Rationale: 1. Accessibility: pip-installable, no GPU or custom builds needed. 2. 3D keypoints: z-coordinate provides depth useful for grasp classification. 3. Performance: ~30ms inference on CPU, suitable for real-time and batch processing. 4. Active maintenance: Google actively develops MediaPipe; OpenPose's last release was 2020. 5. Handedness detection: Built-in, critical for bilateral grasp studies.
If OpenPose becomes available (e.g., via Docker), the comparison framework is ready:
- normalize_openpose() normalizer is implemented and tested
- Common schema allows apples-to-apples comparison
- Test framework expects both models' metrics
Limitations¶
- No direct OpenPose comparison was performed due to unavailability.

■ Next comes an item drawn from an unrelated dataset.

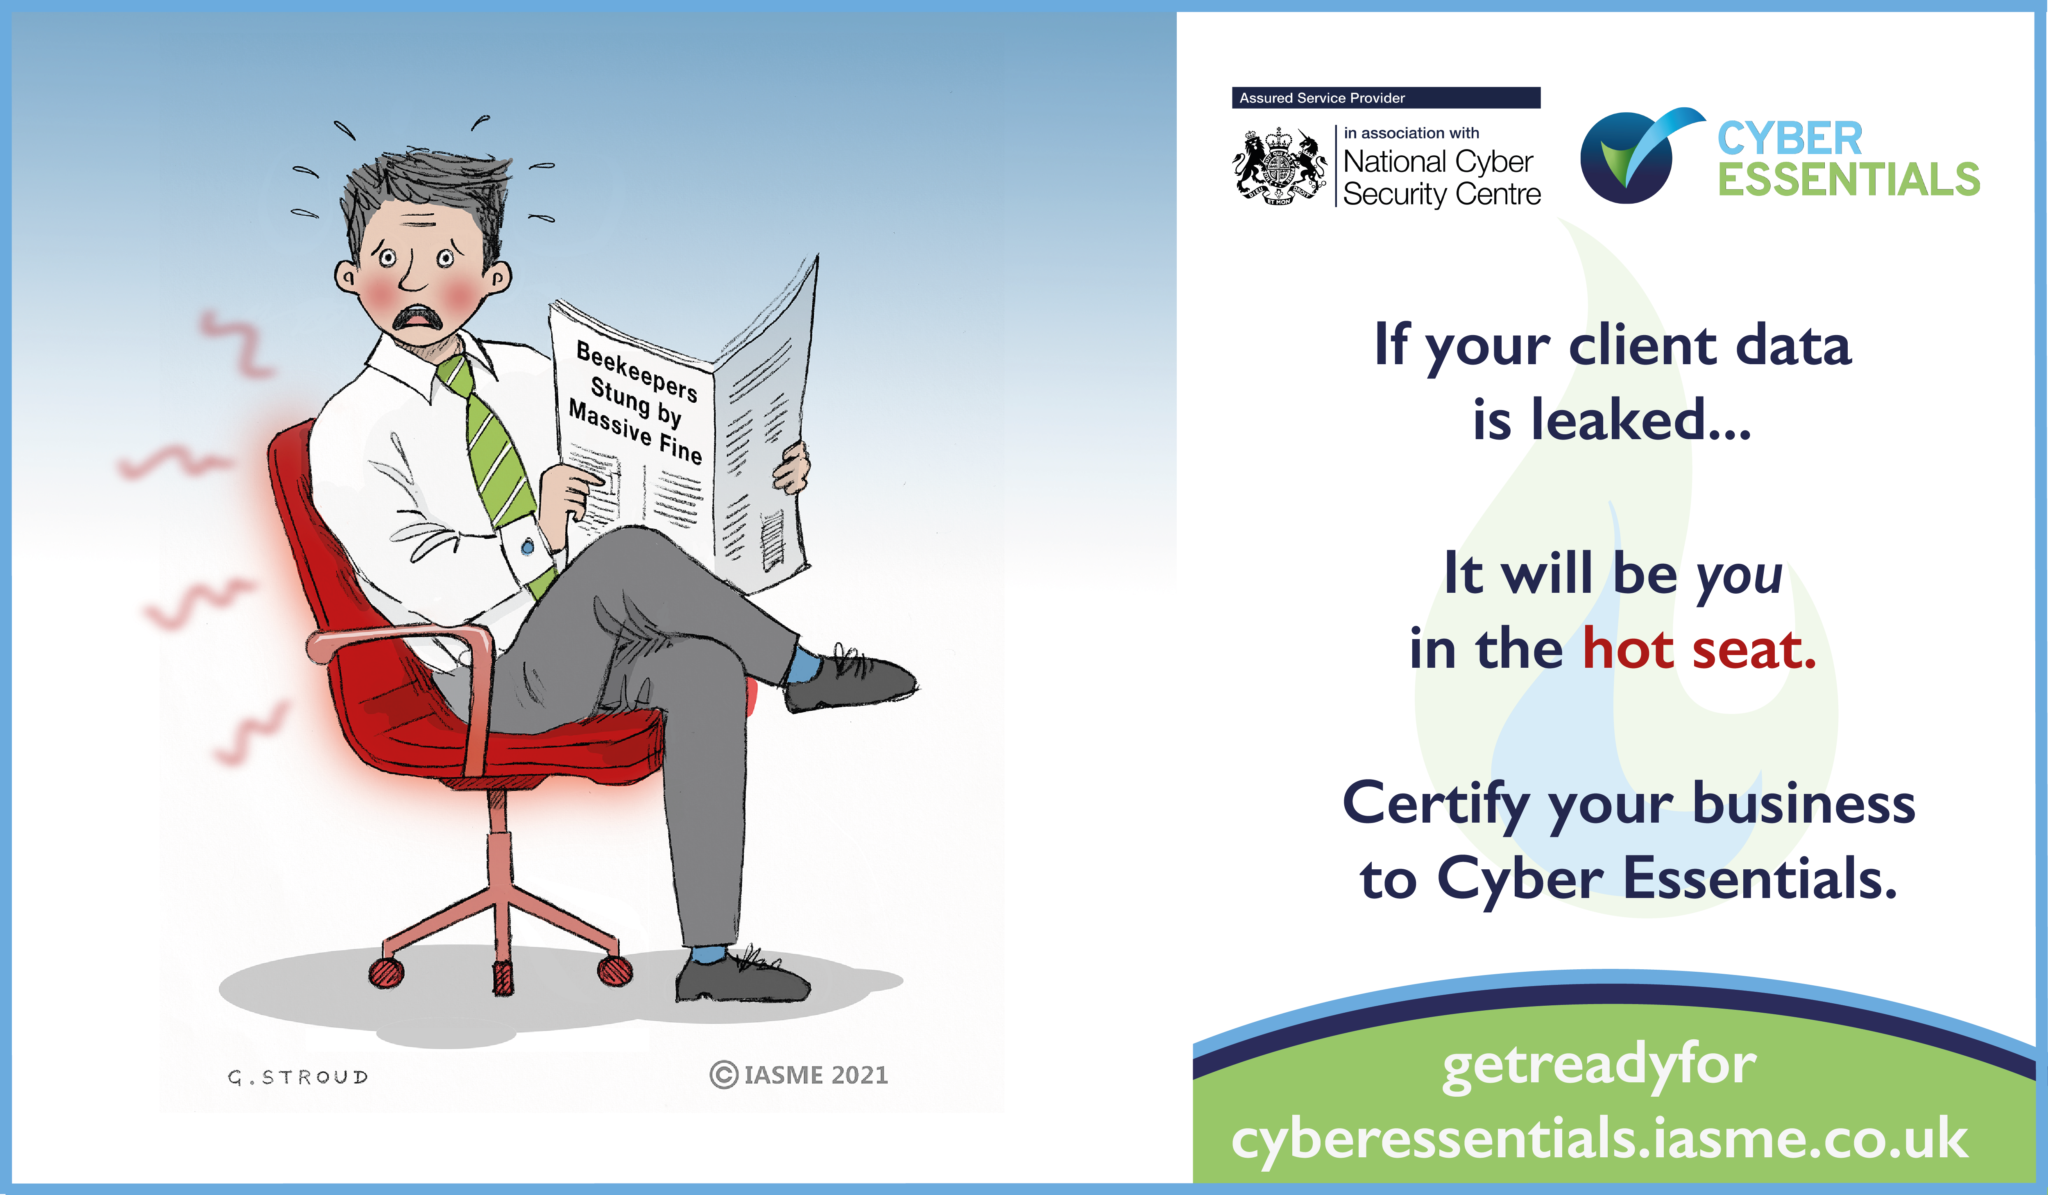 Cyber Essentials – simple, effective and affordable cyber security for the legal profession.

- Synthetic images only — no real hand detection metrics yet (see HAND-004).
- Feature comparison based on documentation, not empirical measurement on our specific dataset.
- MediaPipe's z-coordinate is relative, not absolute depth — may need calibration for grasp classification.
- Occlusion handling was not tested empirically; this is critical for grasps where fingers wrap around objects.
Next Steps¶
- When real dataset is available (HAND-004), re-run MediaPipe comparison with detection metrics.
- If OpenPose is needed, create a Docker image with OpenPose + Python bindings.
- Consider adding MMPose or HRNet as additional comparison candidates if needed.
- Implement grasp classification rules based on normalized landmark positions.